#### [ACTIVITY]
Your answer should be one number: the count of lines in the records that include the word "Print".

#### [THE INPUT]
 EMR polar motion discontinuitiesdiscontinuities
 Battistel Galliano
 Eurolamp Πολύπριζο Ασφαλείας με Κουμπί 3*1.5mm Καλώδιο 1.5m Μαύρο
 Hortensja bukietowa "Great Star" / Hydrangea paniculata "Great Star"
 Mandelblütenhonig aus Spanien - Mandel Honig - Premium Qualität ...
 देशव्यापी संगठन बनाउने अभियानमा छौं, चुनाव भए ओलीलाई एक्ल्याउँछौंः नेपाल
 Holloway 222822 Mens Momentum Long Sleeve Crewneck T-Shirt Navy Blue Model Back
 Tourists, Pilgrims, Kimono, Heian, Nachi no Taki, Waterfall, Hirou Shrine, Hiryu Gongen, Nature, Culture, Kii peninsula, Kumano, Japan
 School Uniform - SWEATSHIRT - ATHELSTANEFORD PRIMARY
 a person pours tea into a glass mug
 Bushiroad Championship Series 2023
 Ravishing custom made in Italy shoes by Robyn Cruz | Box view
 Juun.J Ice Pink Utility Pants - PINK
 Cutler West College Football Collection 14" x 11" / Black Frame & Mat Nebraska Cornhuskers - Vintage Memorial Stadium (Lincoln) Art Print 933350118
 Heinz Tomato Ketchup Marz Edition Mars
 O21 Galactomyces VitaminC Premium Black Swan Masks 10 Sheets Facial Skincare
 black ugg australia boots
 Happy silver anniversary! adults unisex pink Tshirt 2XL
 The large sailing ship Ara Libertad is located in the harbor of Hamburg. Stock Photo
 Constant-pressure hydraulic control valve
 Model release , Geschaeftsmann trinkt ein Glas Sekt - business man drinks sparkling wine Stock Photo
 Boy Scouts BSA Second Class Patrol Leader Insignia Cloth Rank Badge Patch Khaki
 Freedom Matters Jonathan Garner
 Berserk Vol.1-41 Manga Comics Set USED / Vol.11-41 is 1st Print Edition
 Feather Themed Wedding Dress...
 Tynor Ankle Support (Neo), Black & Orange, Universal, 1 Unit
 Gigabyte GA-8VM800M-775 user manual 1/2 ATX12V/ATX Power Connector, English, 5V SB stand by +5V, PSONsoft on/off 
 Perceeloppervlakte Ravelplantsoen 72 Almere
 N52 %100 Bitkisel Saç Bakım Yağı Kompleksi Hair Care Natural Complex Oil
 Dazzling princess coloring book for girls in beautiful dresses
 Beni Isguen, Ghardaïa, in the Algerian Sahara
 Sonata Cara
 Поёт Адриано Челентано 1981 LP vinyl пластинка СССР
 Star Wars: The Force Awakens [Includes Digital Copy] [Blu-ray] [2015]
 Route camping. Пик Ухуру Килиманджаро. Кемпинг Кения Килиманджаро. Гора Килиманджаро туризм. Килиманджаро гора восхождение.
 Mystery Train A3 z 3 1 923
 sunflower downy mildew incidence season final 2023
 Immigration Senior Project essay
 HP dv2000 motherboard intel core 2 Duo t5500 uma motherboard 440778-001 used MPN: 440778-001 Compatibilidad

#### [WRITTEN RESPONSE]
2